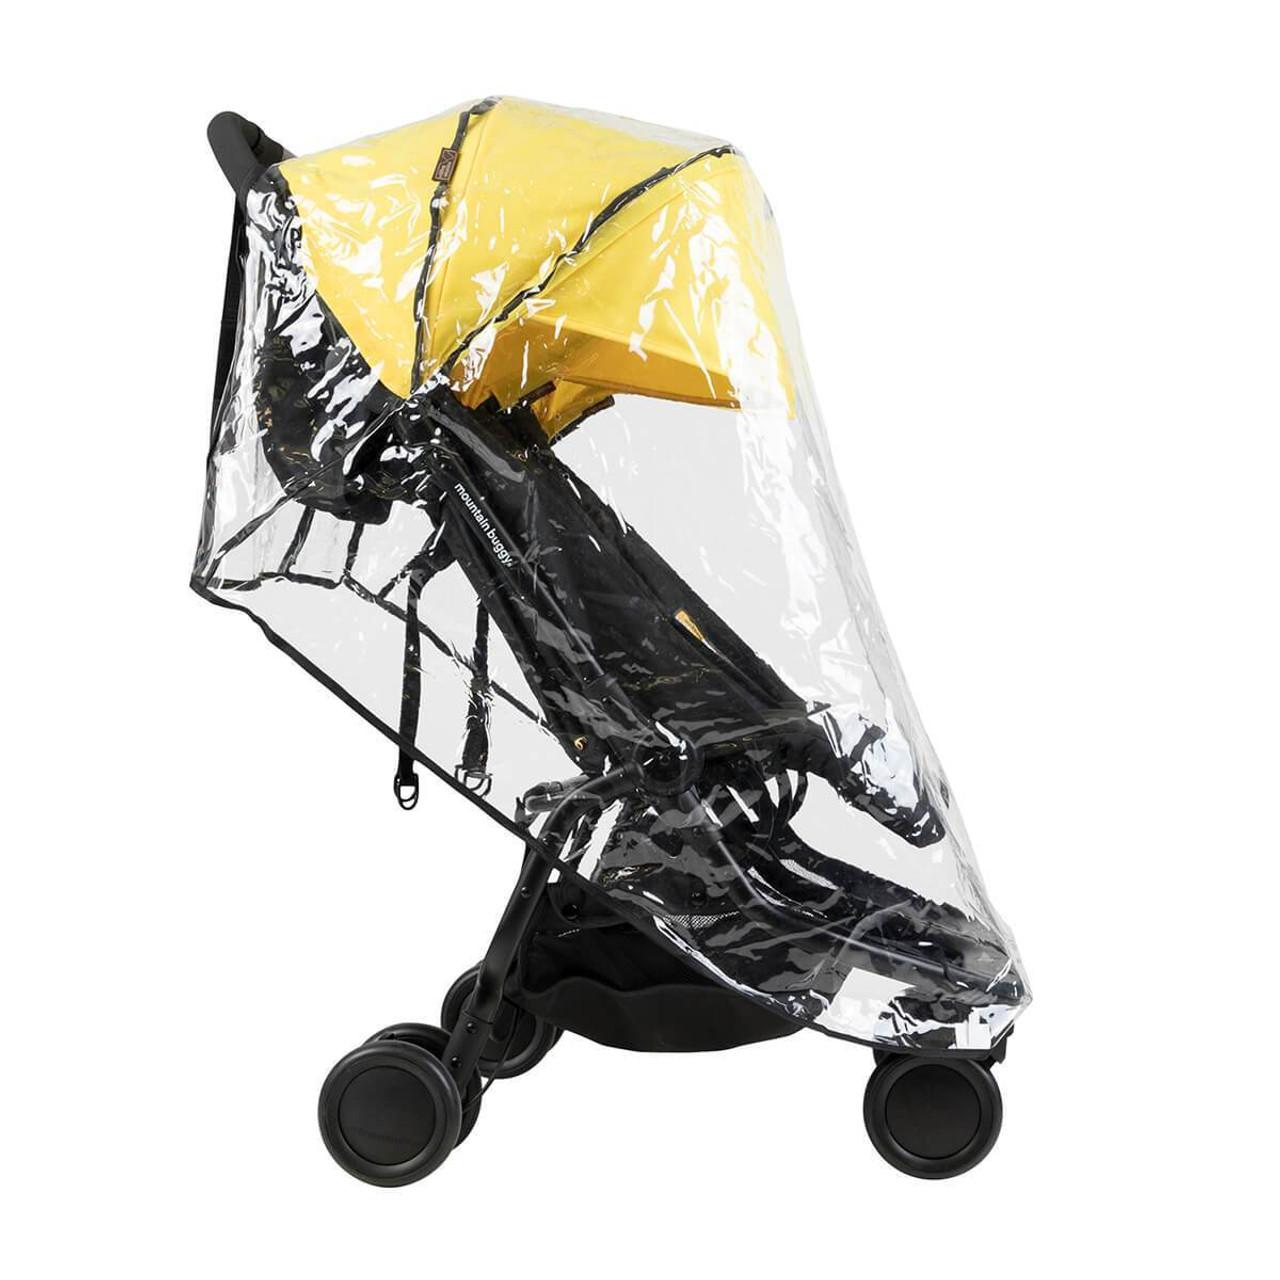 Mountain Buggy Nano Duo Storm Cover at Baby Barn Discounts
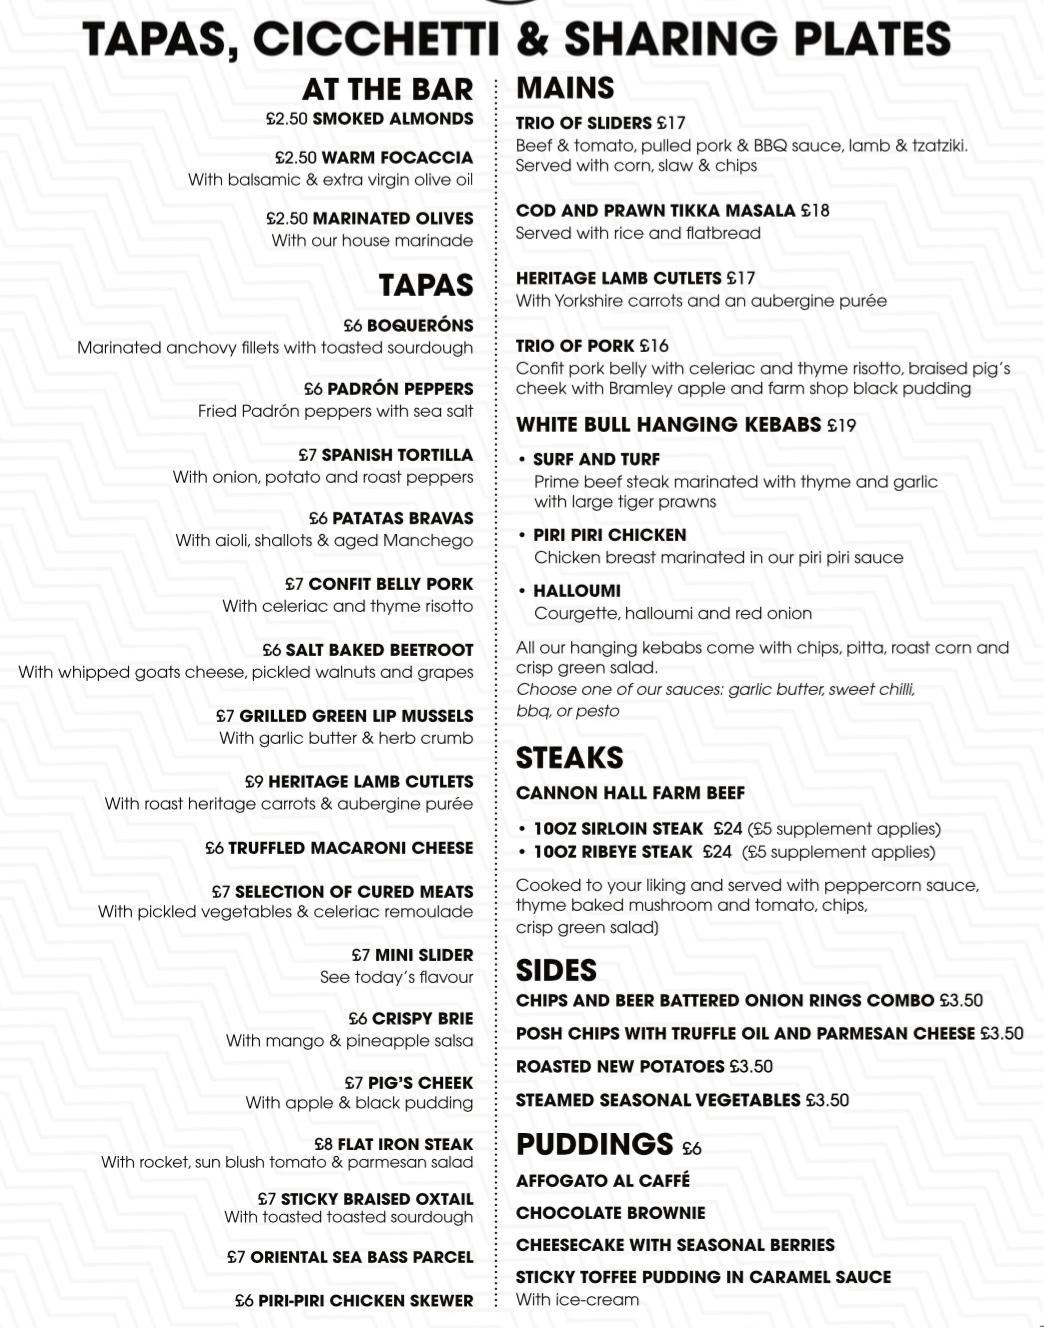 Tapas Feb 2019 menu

--

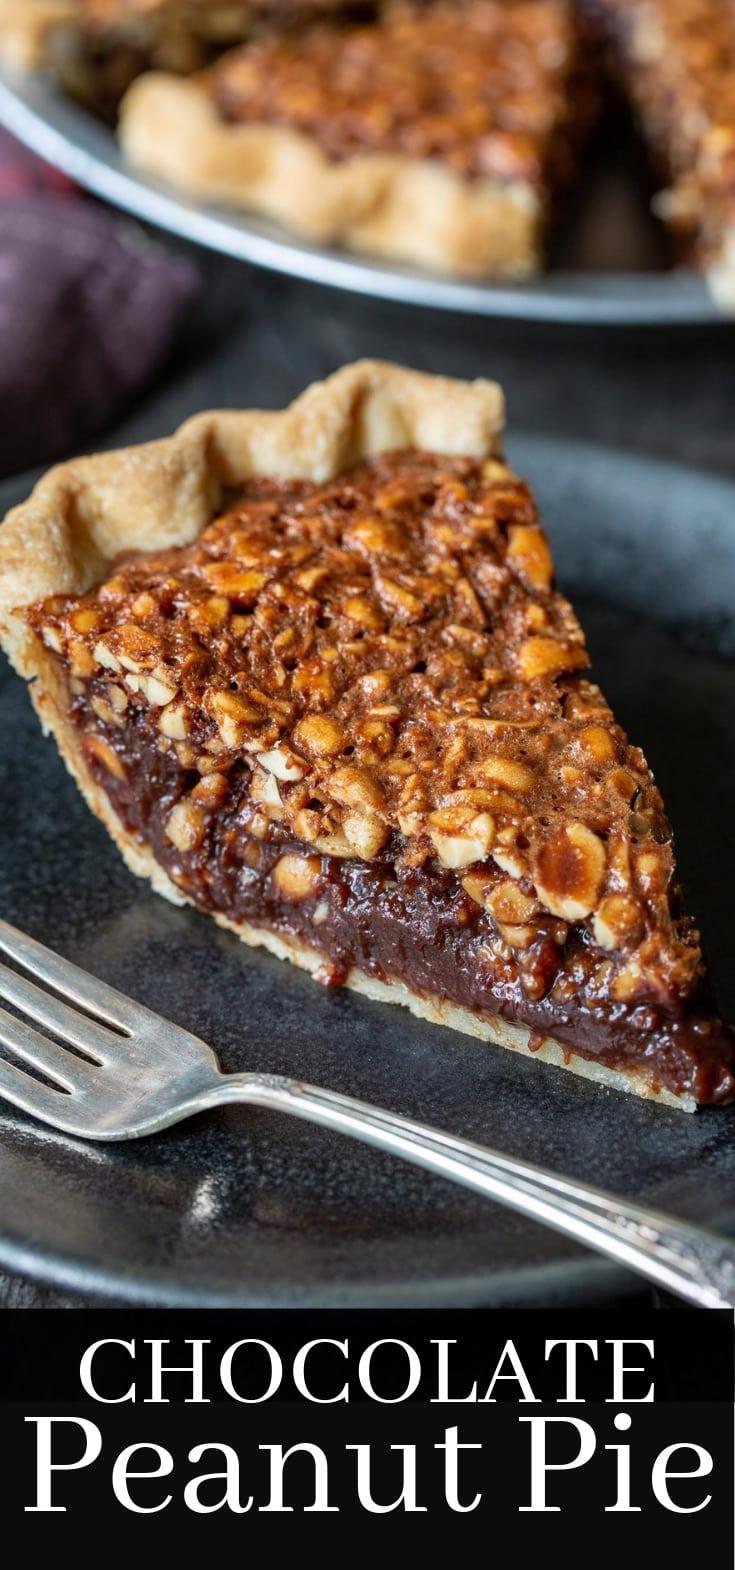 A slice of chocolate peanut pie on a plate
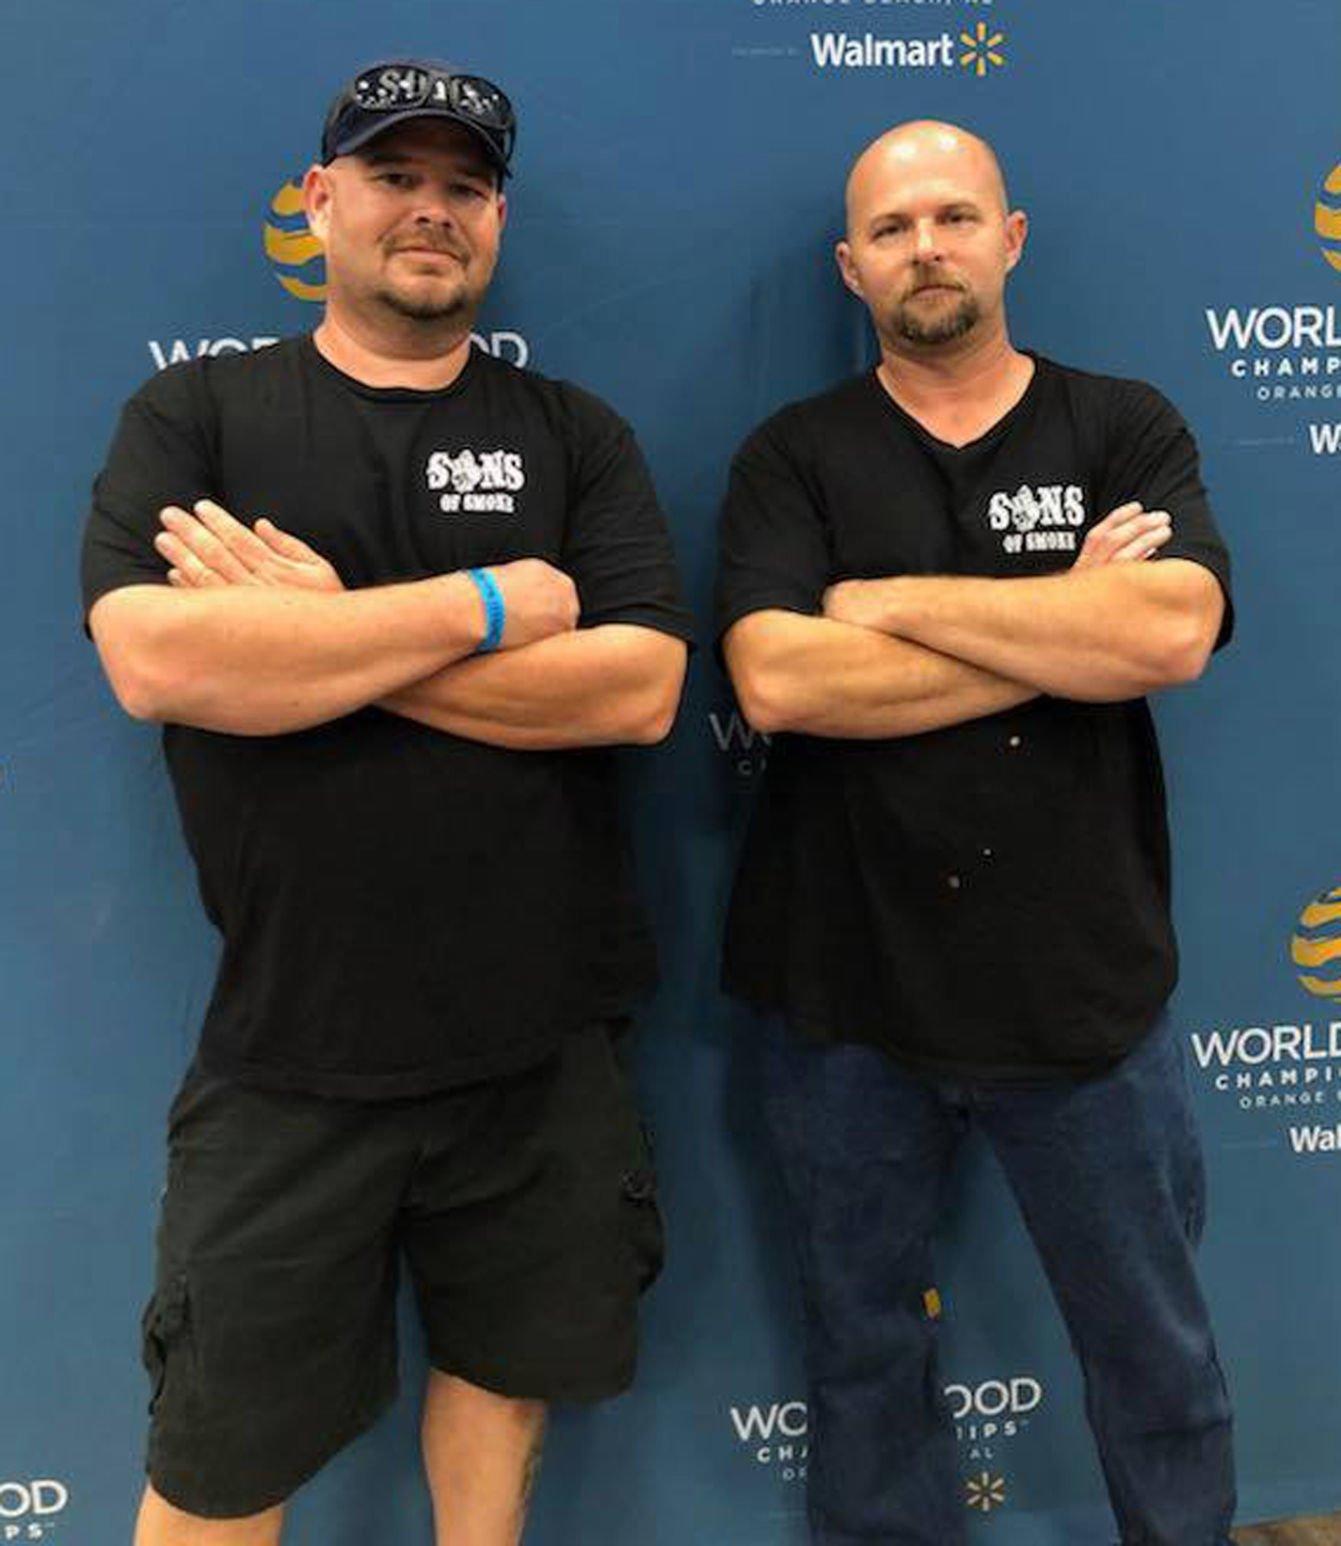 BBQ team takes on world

# [Task details]
Leaving each picture behind, please give again exactly the lines above from the one with "Mountain Buggy Nano" through the one with "Tapas Feb 2019 menu", both included, and no others.

# [Result for this task]
 Mountain Buggy Nano Duo Storm Cover at Baby Barn Discounts
 Tapas Feb 2019 menu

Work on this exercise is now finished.